[[ Data excerpt open ]]

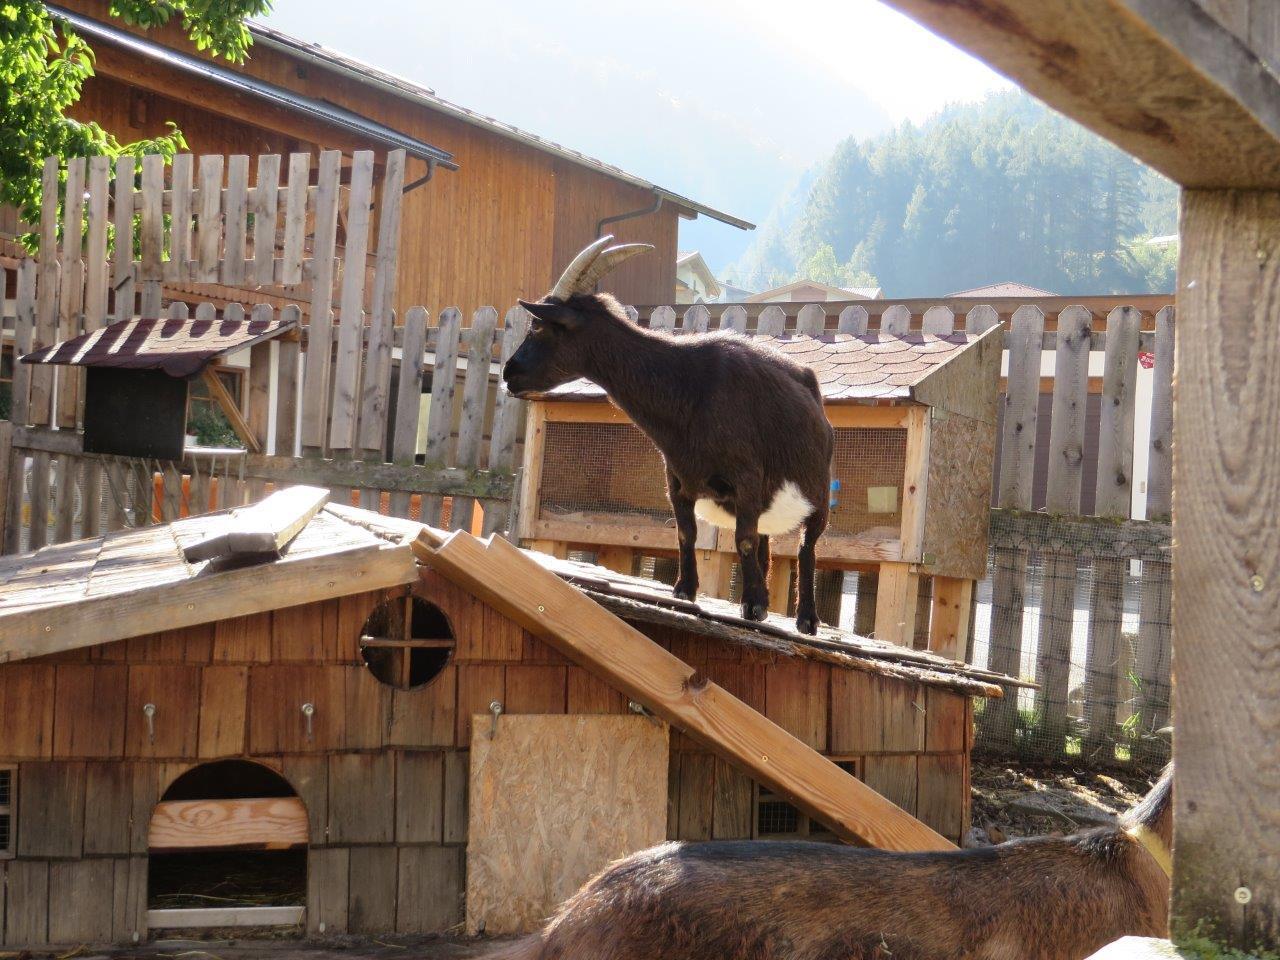 Tirol gezinsvakantie   vakantie met het gezin vanuit familiehotel   SNP Natuurreizen
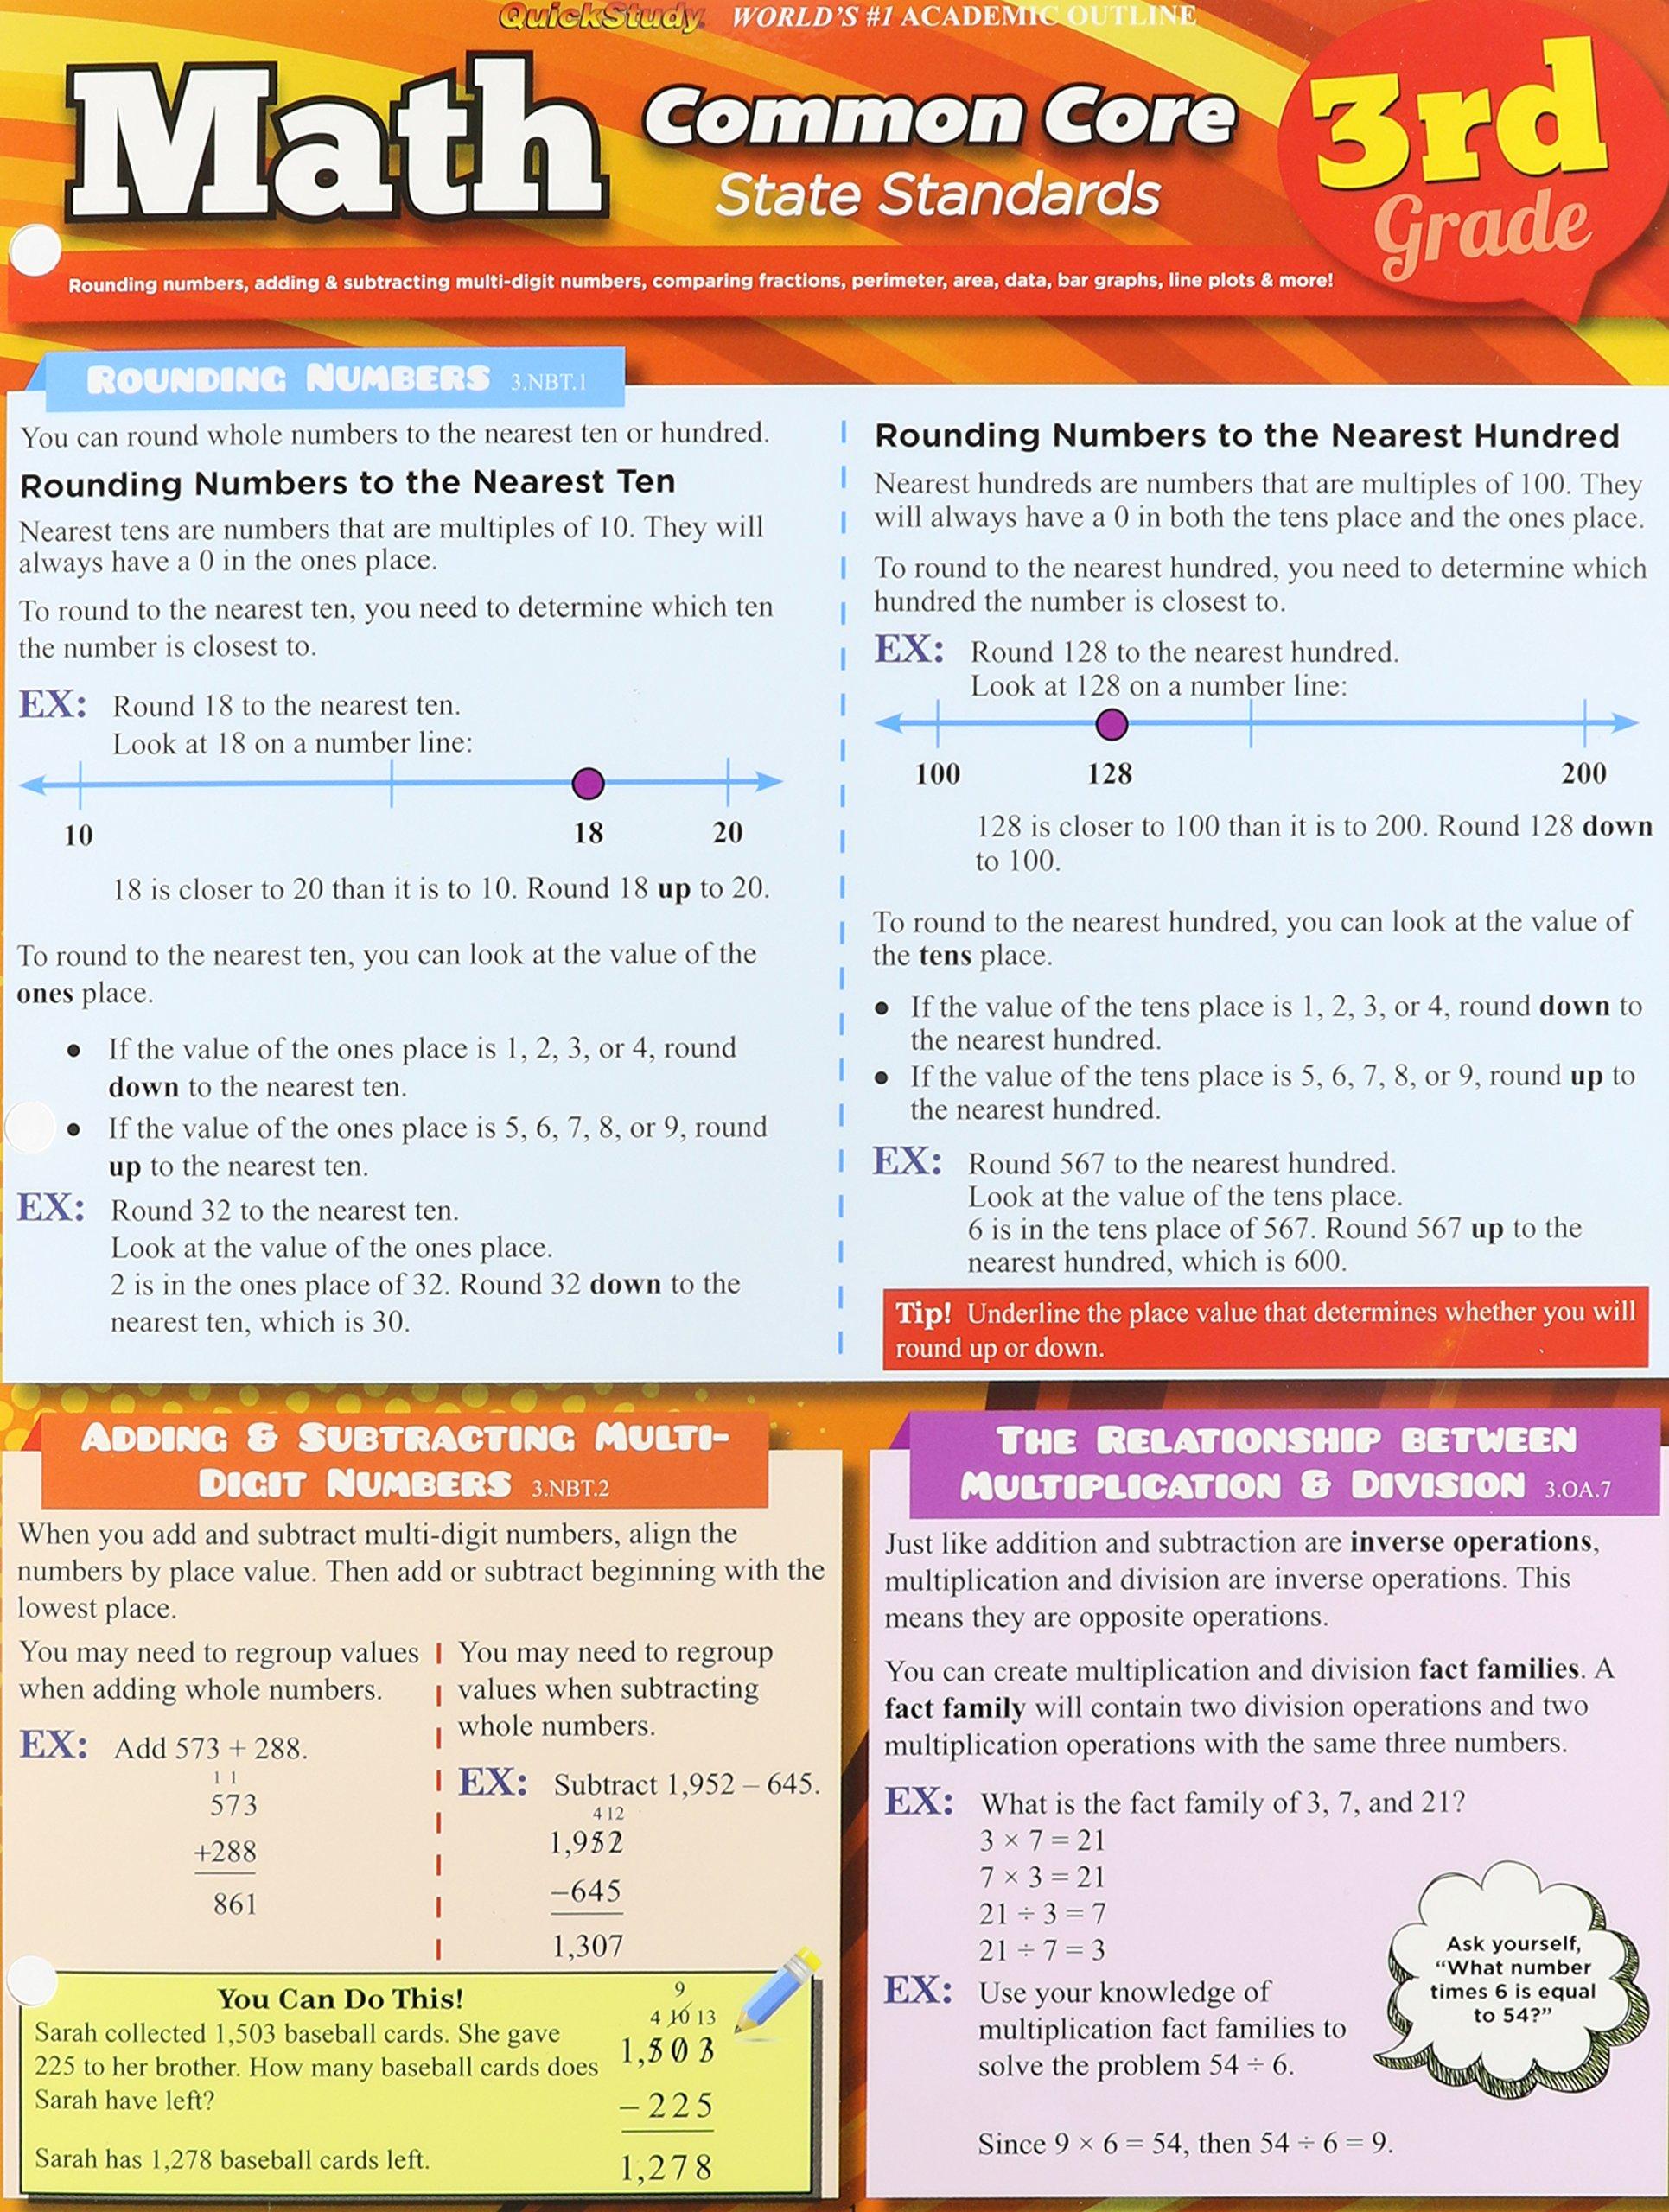 91wQEGu44+L amazon com math common core 3rd grade (quick study) (9781423221579
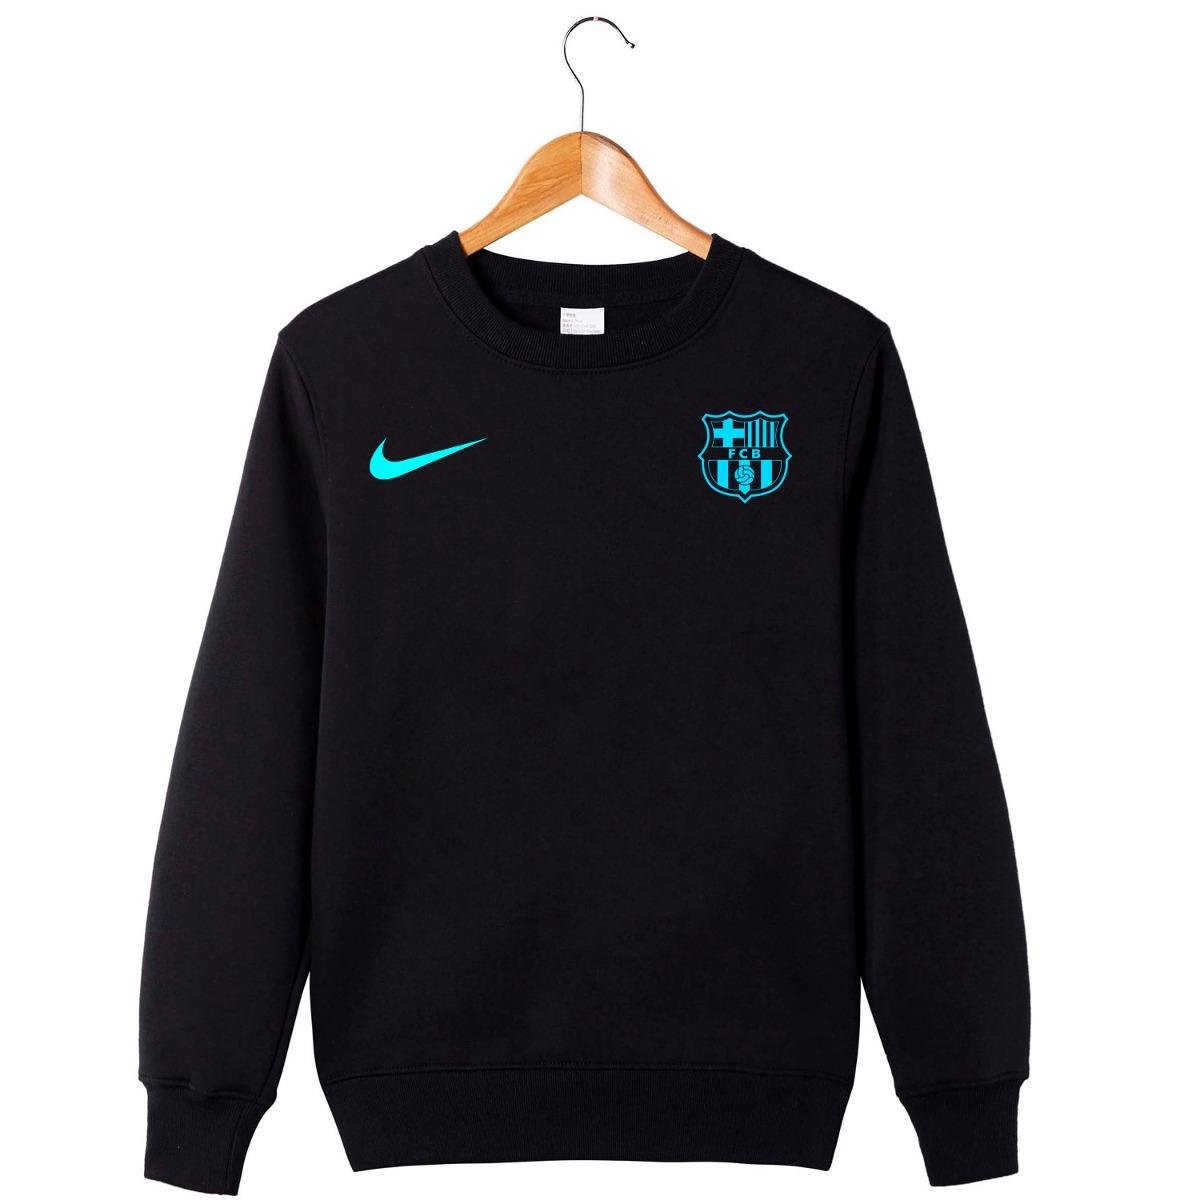 Blusa barcelona moletom futebol casaco de frio carregando zoom jpg  1200x1200 Blusas de frio do barcelona d7754f3943ba7
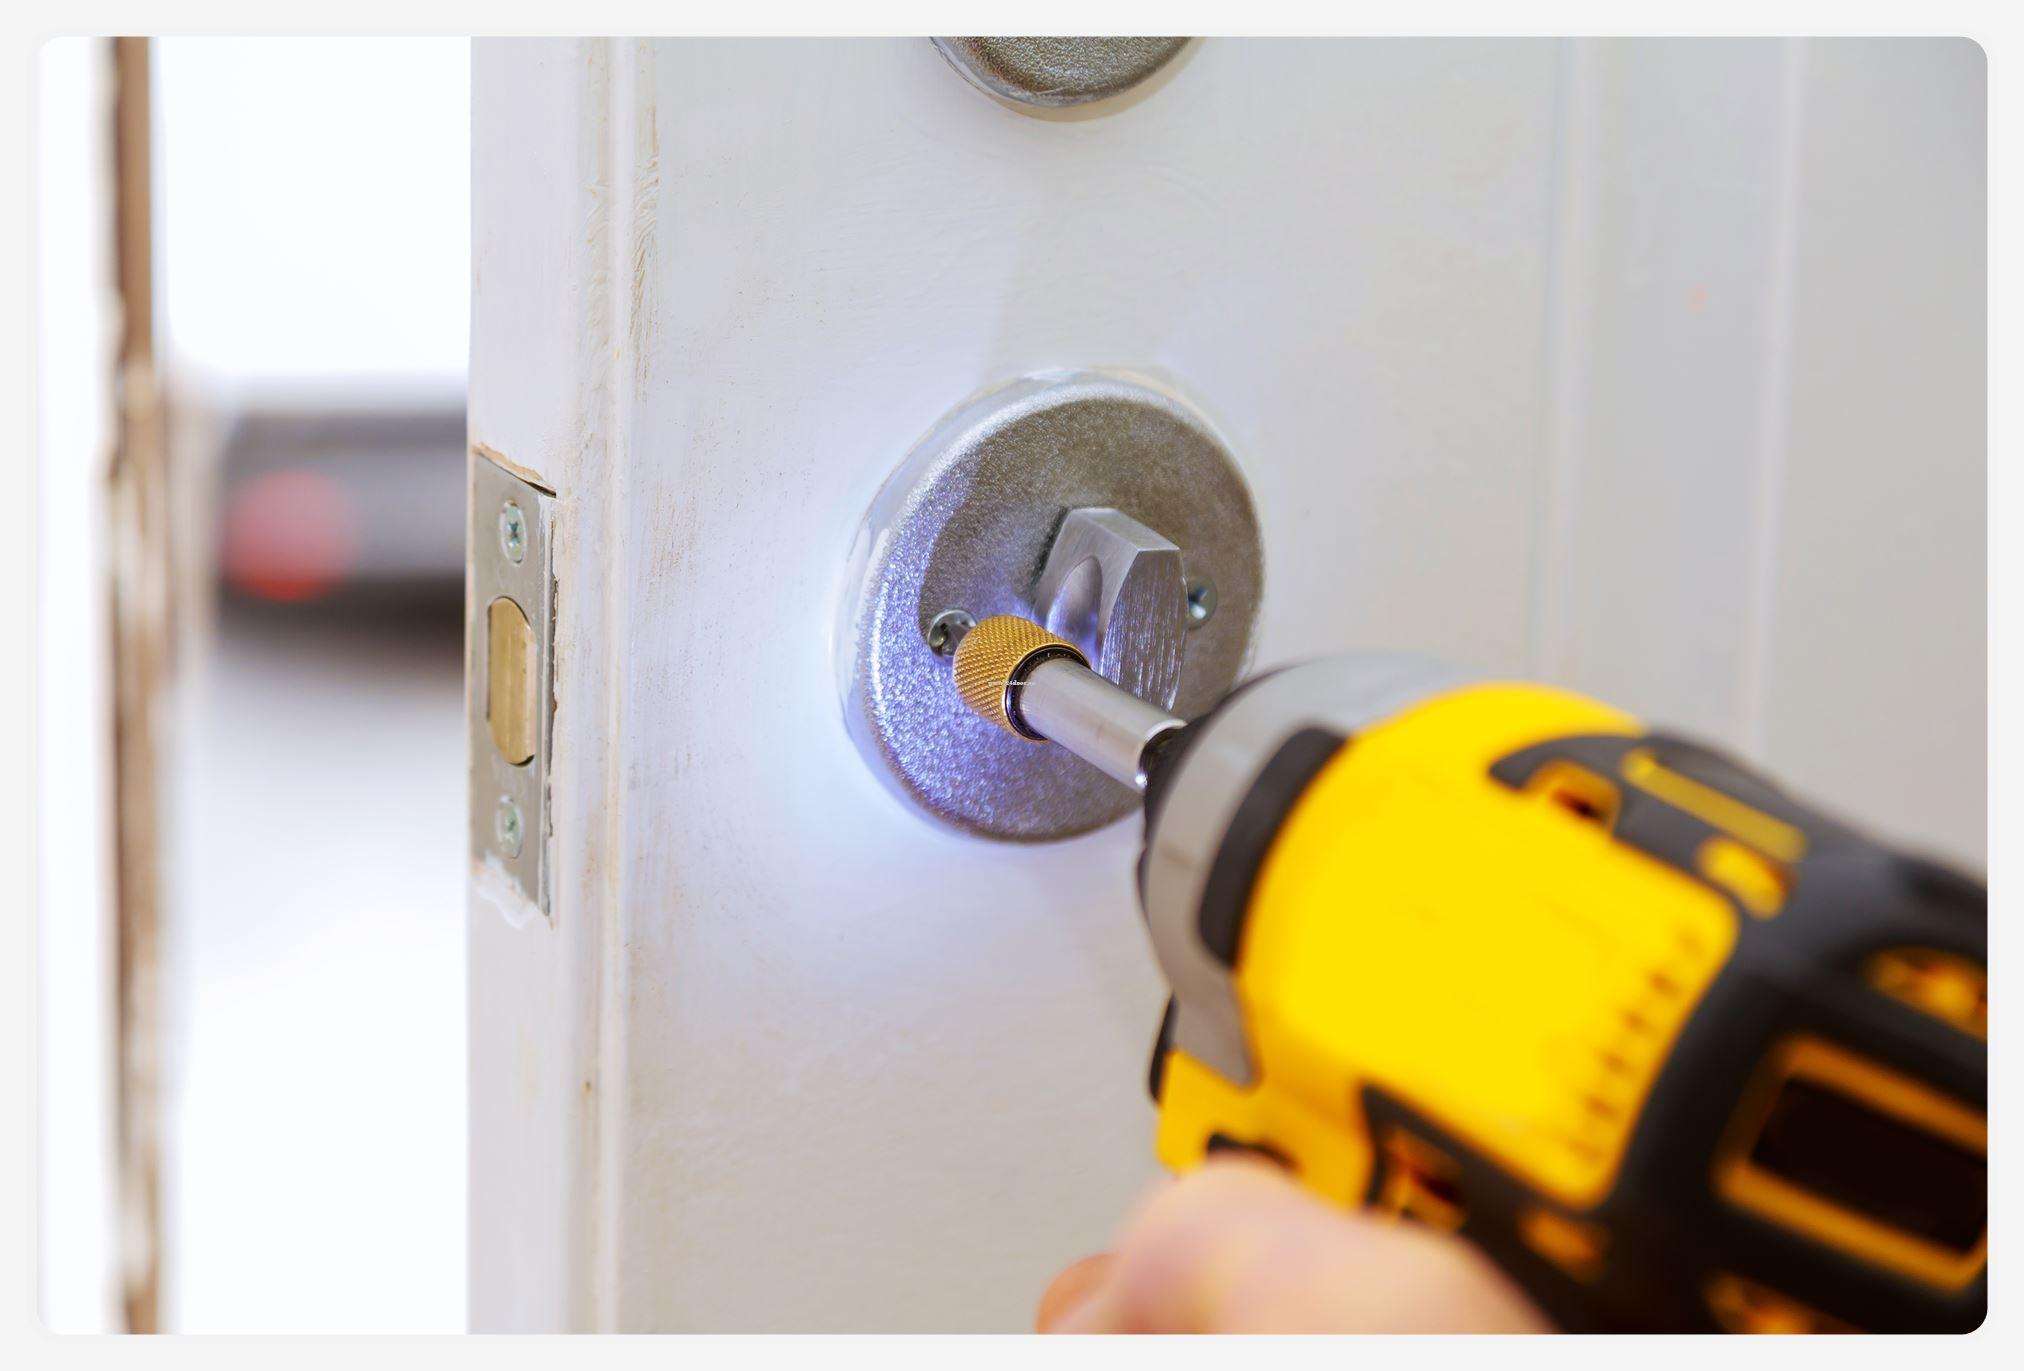 Técnicos del hogar apertura de Puertas

[[ Data excerpt closed ]]

Task item → Exclude all images and return the listing word for word.

Response below →
 Tirol gezinsvakantie   vakantie met het gezin vanuit familiehotel   SNP Natuurreizen
 91wQEGu44+L amazon com math common core 3rd grade (quick study) (9781423221579
 Blusa barcelona moletom futebol casaco de frio carregando zoom jpg  1200x1200 Blusas de frio do barcelona d7754f3943ba7
 Técnicos del hogar apertura de Puertas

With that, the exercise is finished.